BEIRUT (AFP) – Iranian President Mahmoud Ahmadinejad’s expected tour of south Lebanon during his official visit to the Mediterranean country was criticised as a “provocation” on Friday by the largest bloc in parliament. On the two-day visit from October 13, Ahmadinejad is scheduled to hold talks with his counterpart Michel Sleiman, who invited the Iranian leader, as well as Prime Minister Saad Hariri and parliament speaker Nabih Berri.
The hardliner is also due to meet on the sidelines with Hezbollah leader Hassan Nasrallah — a key ally whose powerful party is considered a proxy of Iran — and tour the south of the country, according to political officials.
“The message is that Iran is at the border with Israel,” Fares Souaid, coordinator of the “March 14” alliance, told AFP.
“Ahmadinejad through this visit is saying that Beirut is under Iranian influence and that Lebanon is an Iranian base on the Mediterranean,” said Souaid, whose coalition is led by the Western- and Saudi-backed premier.
“His visit to the south would be a provocation, he doesn’t need to go there,” he added.
Souaid also pointed out Ahmadinejad was coming to Beirut at a time when the West is bidding to rescue fledgling, US-backed peace negotiations between Israel and the Palestinians.
“The Iranian president is here to say that Lebanon is a land of resistance and to reaffirm his project of a continuous war with Israel,” he said.
Lebanon’s southern border region with Israel is largely controlled by Hezbollah and was devastated during the 2006 war between the militant party and the Jewish state.
Ahmadinejad would tour the villages of Qana and Bint Jbeil as well as a war museum in the region inaugurated by Hezbollah earlier this year, a Hezbollah official told AFP on condition of anonymity.
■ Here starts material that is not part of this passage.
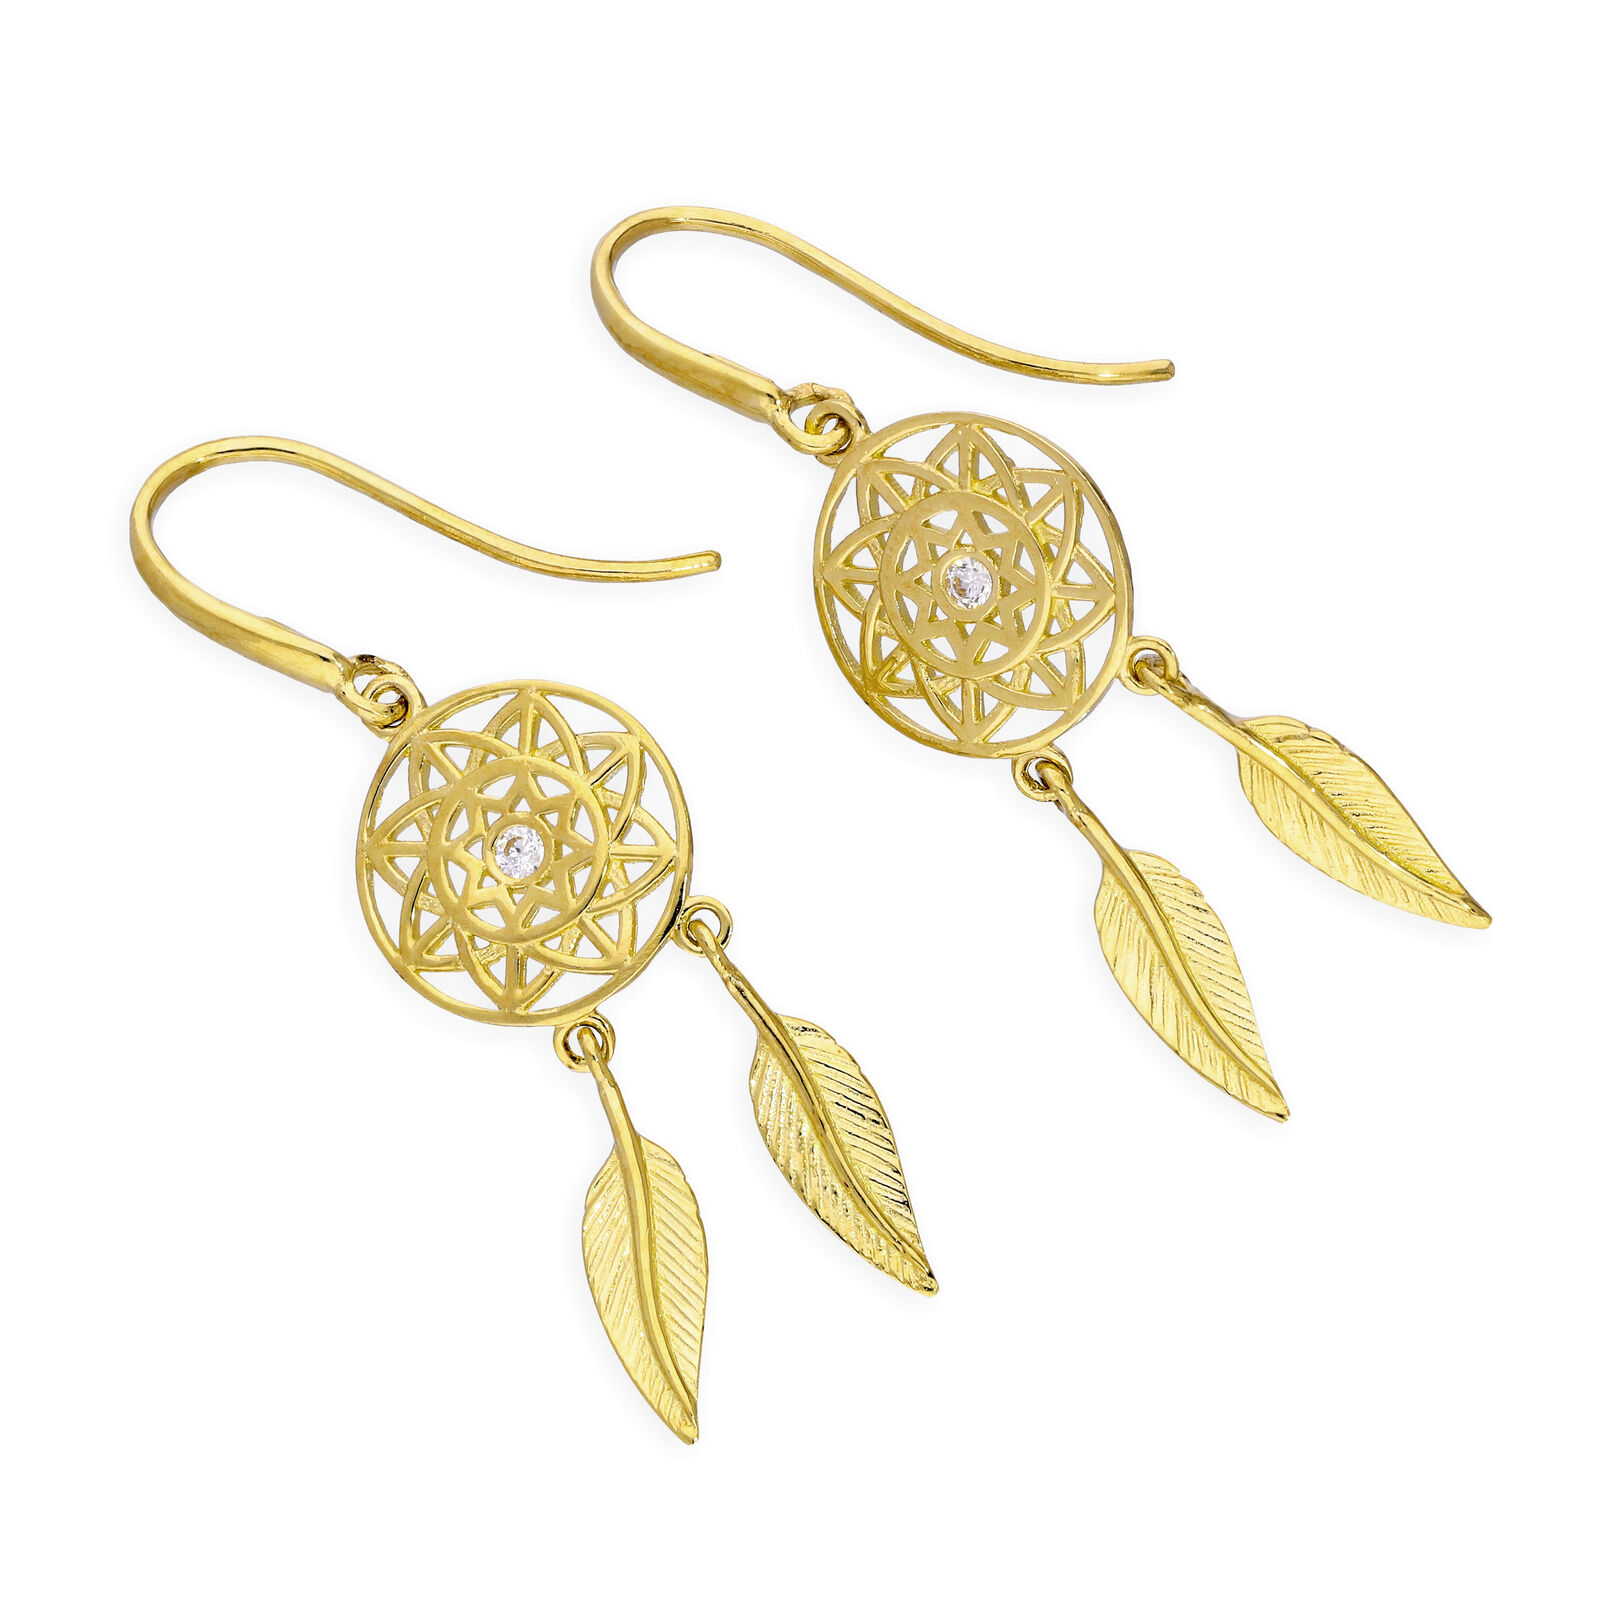 9ct gold & Clear CZ Crystal Dreamcatcher Dangle Earrings Dream Catcher

“This will be a message to the United States and Israel that they need to understand there is a regional force backing Lebanon,” said Sheikh Ali Yassin, a local imam in the southern coastal city of Tyre.
In Israel, a foreign ministry spokesman said the Iranian leader’s visit was cause for concern.
“We have heard that Ahmadinejad is preparing a serious tour… (like) a big landowner coming to inspect his property,” Yigal Palmor told AFP.
“He has already said to Syrian President Bashar al-Assad that south Lebanon was Iran’s border with Israel,” he added.
“All this should be very worrying for anyone who is concerned about the stability of Lebanon and of the Middle East.”
The visit will be Ahmadinejad’s first to Lebanon since his 2005 election.
It comes amid heightened tensions in the country over unconfirmed reports that a UN-backed tribunal probing the 2005 assassination of Hariri’s father — ex-premier Rafiq Hariri — is set to indict Hezbollah members in connection with the murder.
There are fears that should the Special Tribunal for Lebanon implicate Hezbollah, this would lead to sectarian clashes similar to ones that brought Lebanon close to civil war in 2008.
Iran’s ambassador to Lebanon, Ghazanfar Roknabadi, said this week that Ahmadinejad’s visit was aimed at promoting unity among the Lebanese.
The Islamic republic heavily financed the reconstruction of southern Lebanon after the 2006 war and more recently said it stood ready to offer military aid.
That offer came in the wake of a US freeze in its military aid to Beirut over concerns the weapons could be used by Hezbollah.
The militant group is blacklisted by Washington as a terrorist organisation.
The United States and its allies have also been embroiled in a long-running dispute with Iran over its controversial nuclear programme, which Tehran insists is for peaceful purposes.